[Start of Attachment]

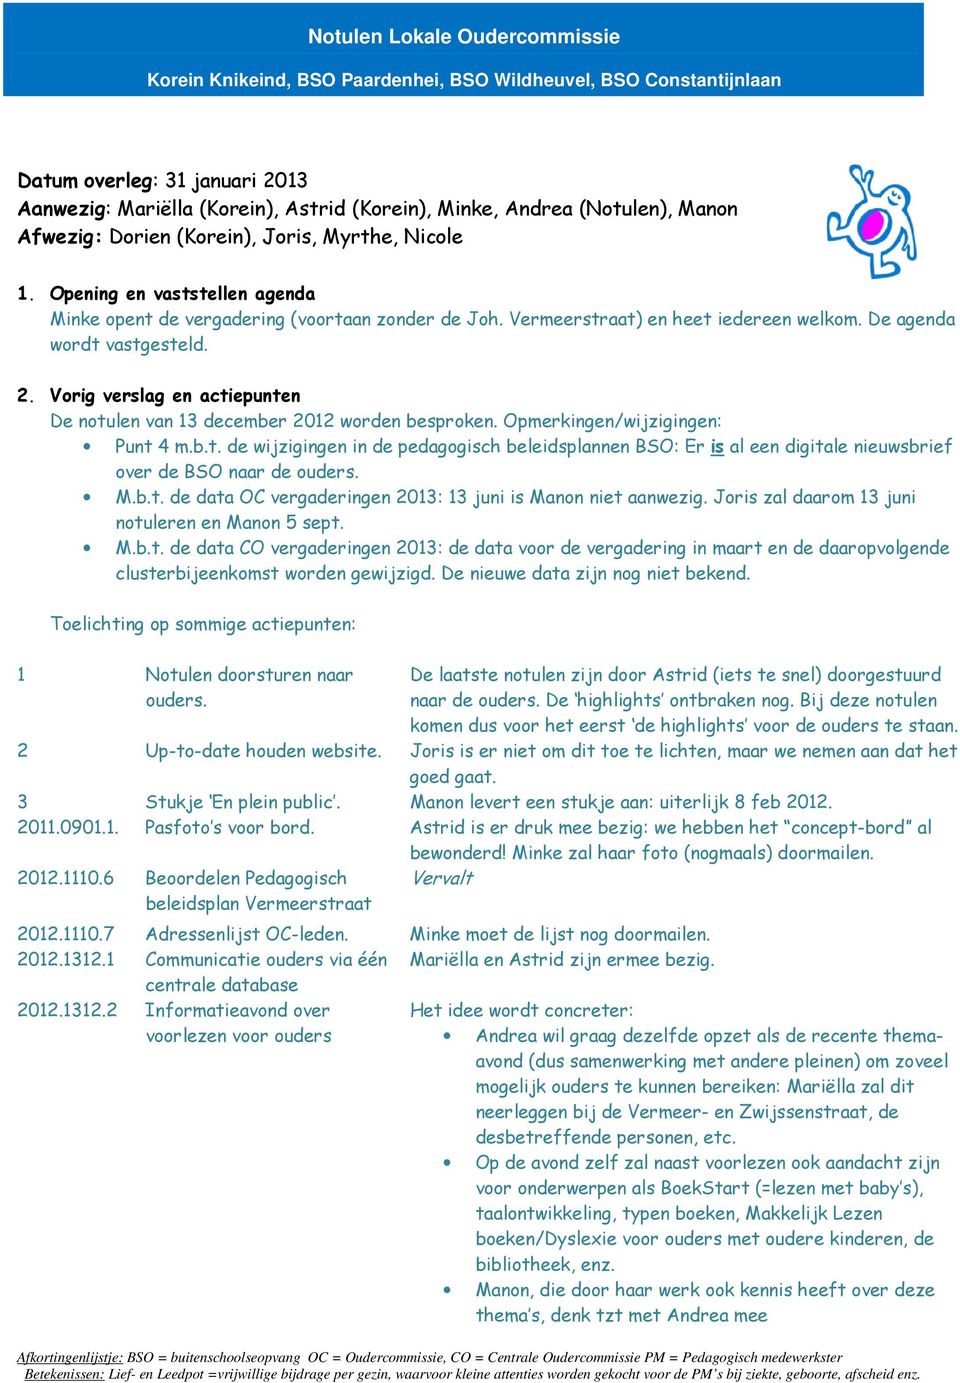 De agenda wordt vastgesteld. 2. Vorig verslag en actiepunten De notulen van 13 december 2012 worden besproken. Opmerkingen/wijzigingen: Punt 4 m.b.t. de wijzigingen in de pedagogisch beleidsplannen BSO: Er is al een digitale nieuwsbrief over de BSO naar de ouders.
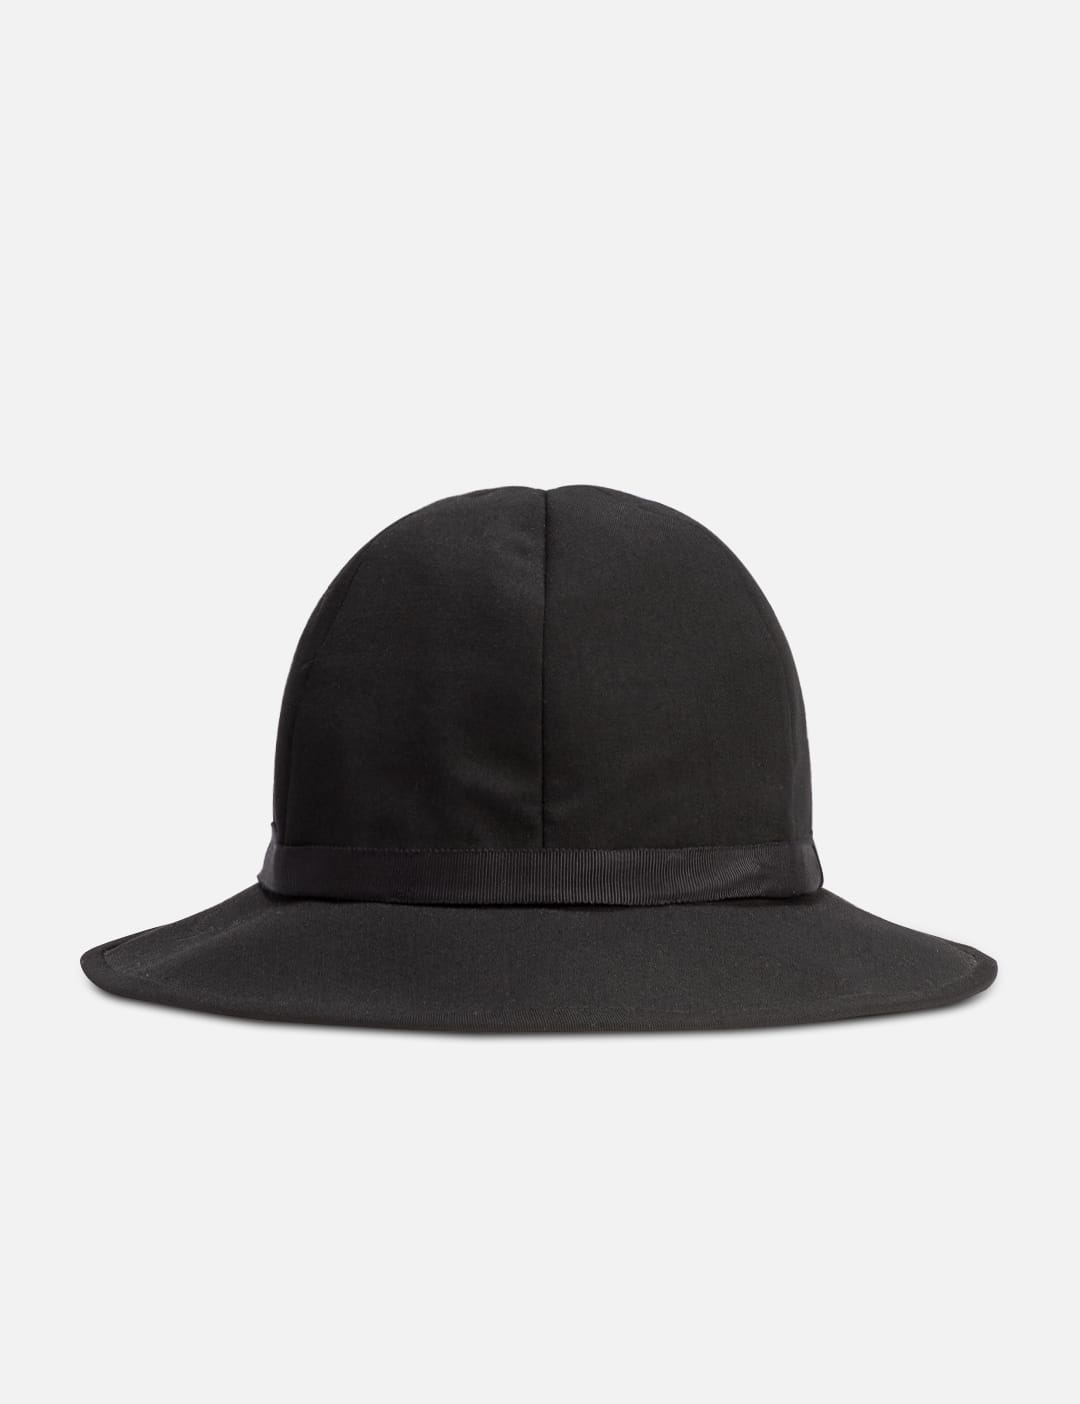 帽子新到中古货品| HBX - HYPEBEAST 为您搜罗全球潮流时尚品牌
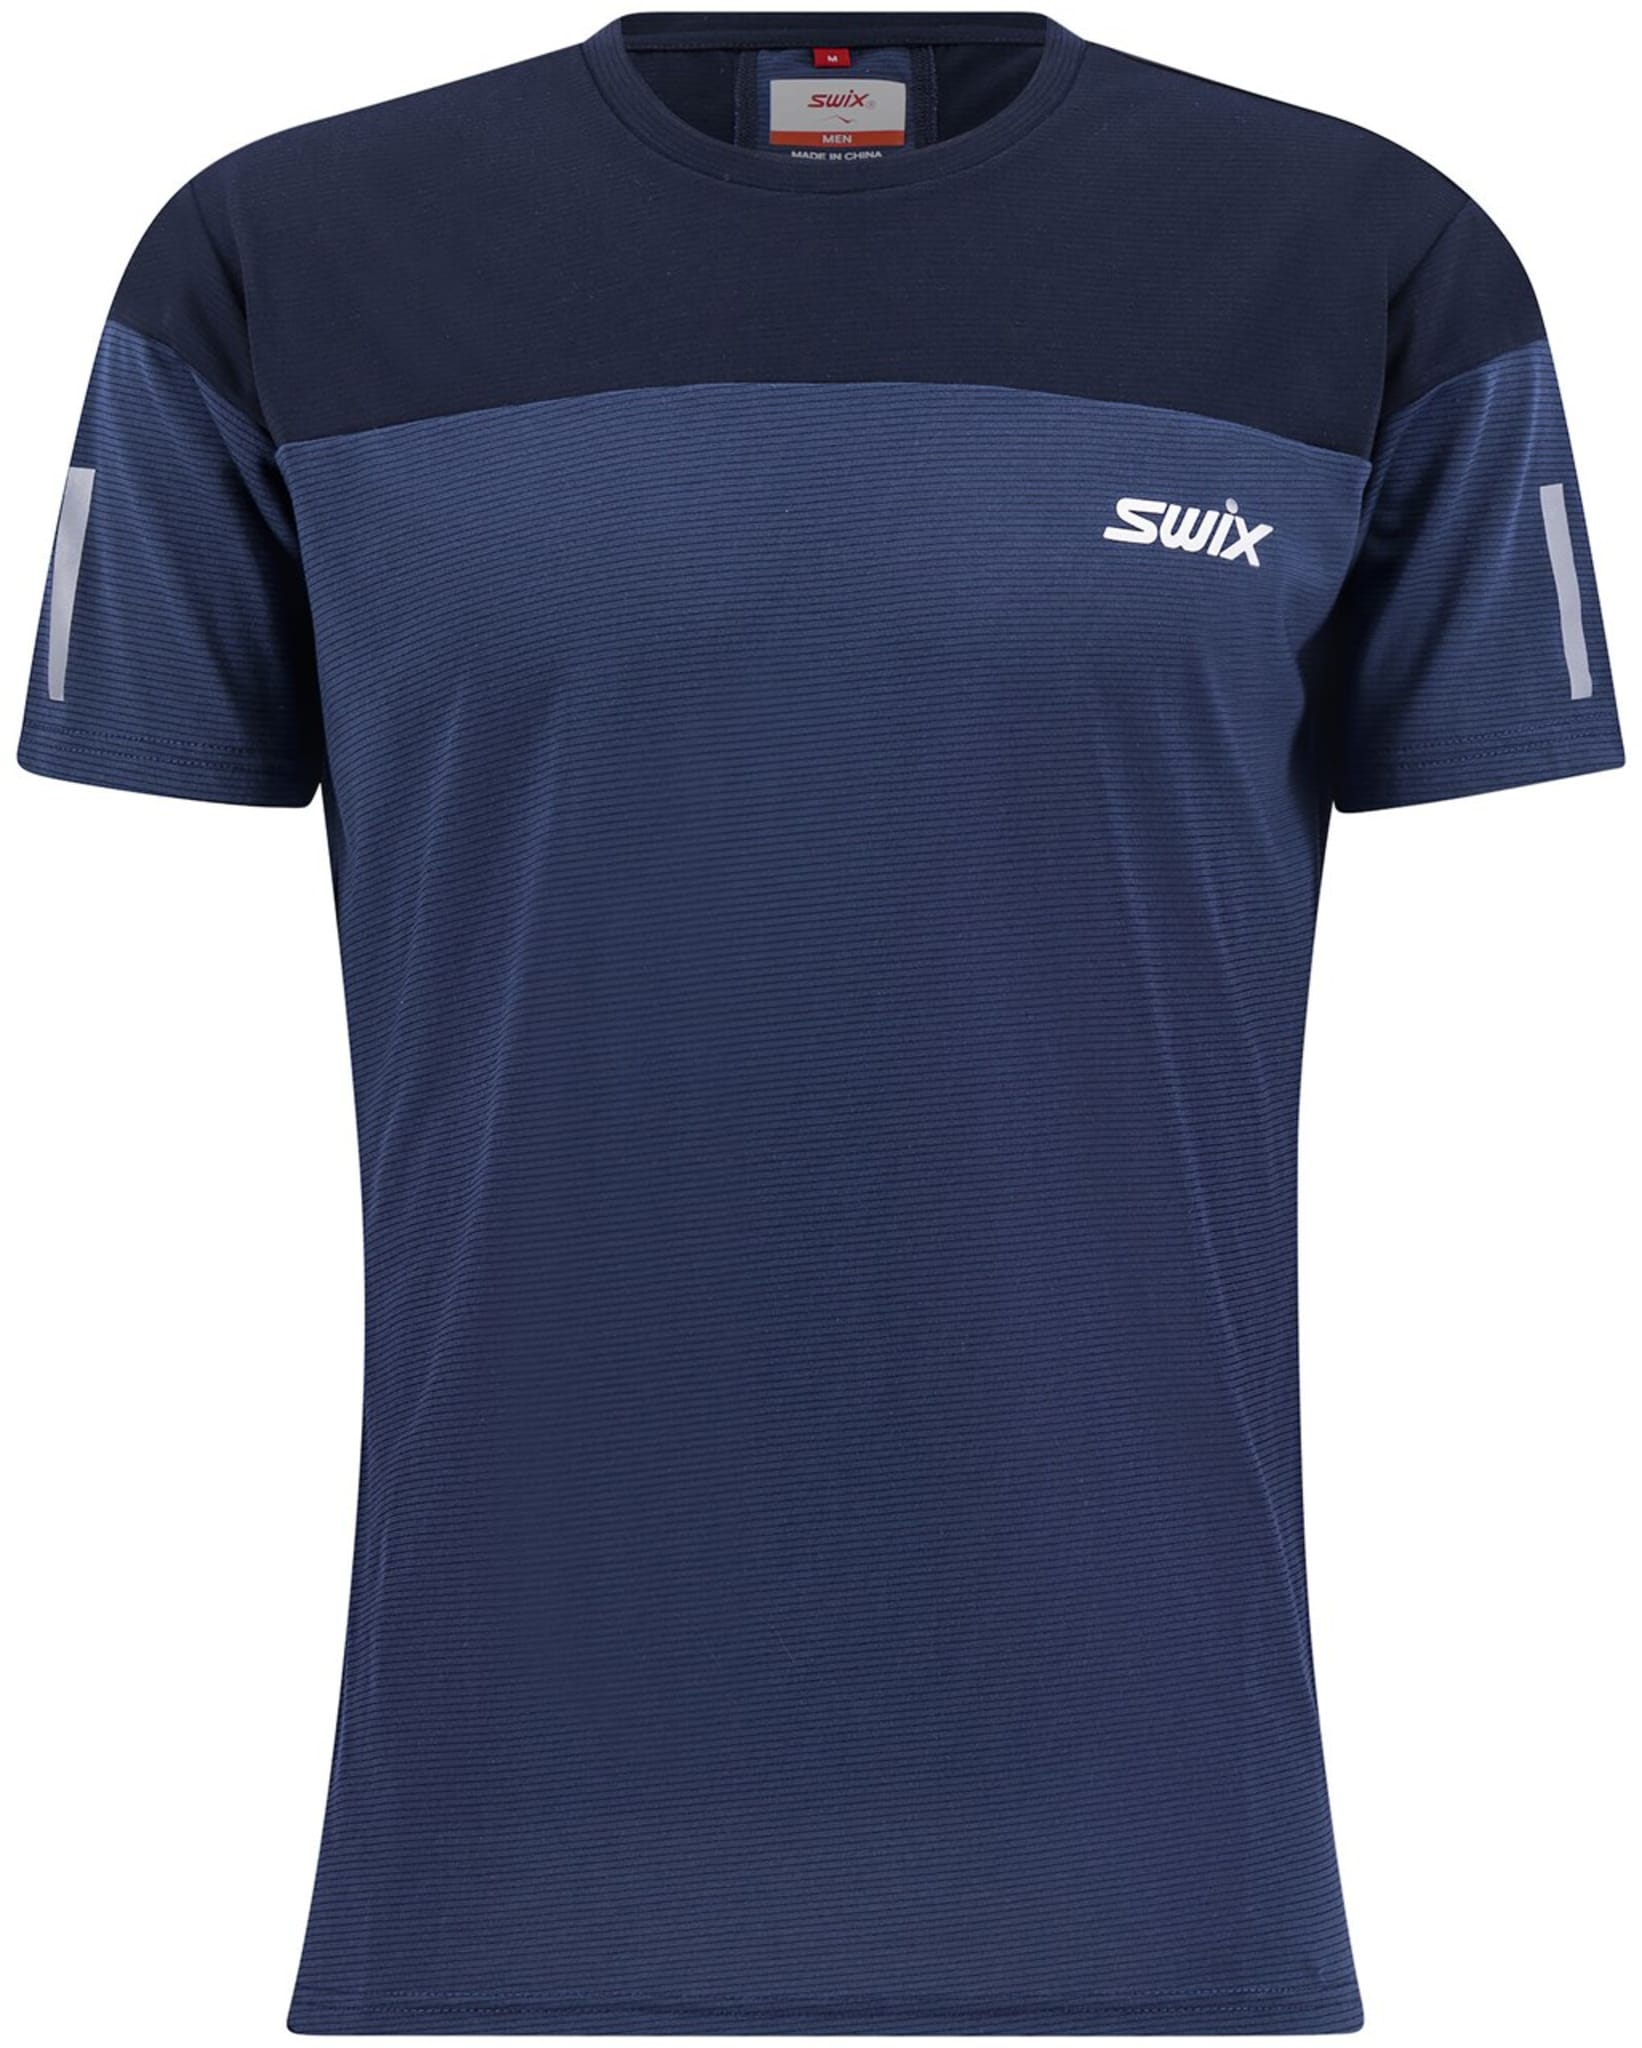 Motion Sport t-shirt er en lett, komfortabel T-skjorte til variert trening, og fritid.

[End of Attachment]

* _Task instructions_
The answer should be an exact copy of the material, with its pictures removed.

* _Written answer_
 De agenda wordt vastgesteld. 2. Vorig verslag en actiepunten De notulen van 13 december 2012 worden besproken. Opmerkingen/wijzigingen: Punt 4 m.b.t. de wijzigingen in de pedagogisch beleidsplannen BSO: Er is al een digitale nieuwsbrief over de BSO naar de ouders.
 帽子新到中古货品| HBX - HYPEBEAST 为您搜罗全球潮流时尚品牌
 Motion Sport t-shirt er en lett, komfortabel T-skjorte til variert trening, og fritid.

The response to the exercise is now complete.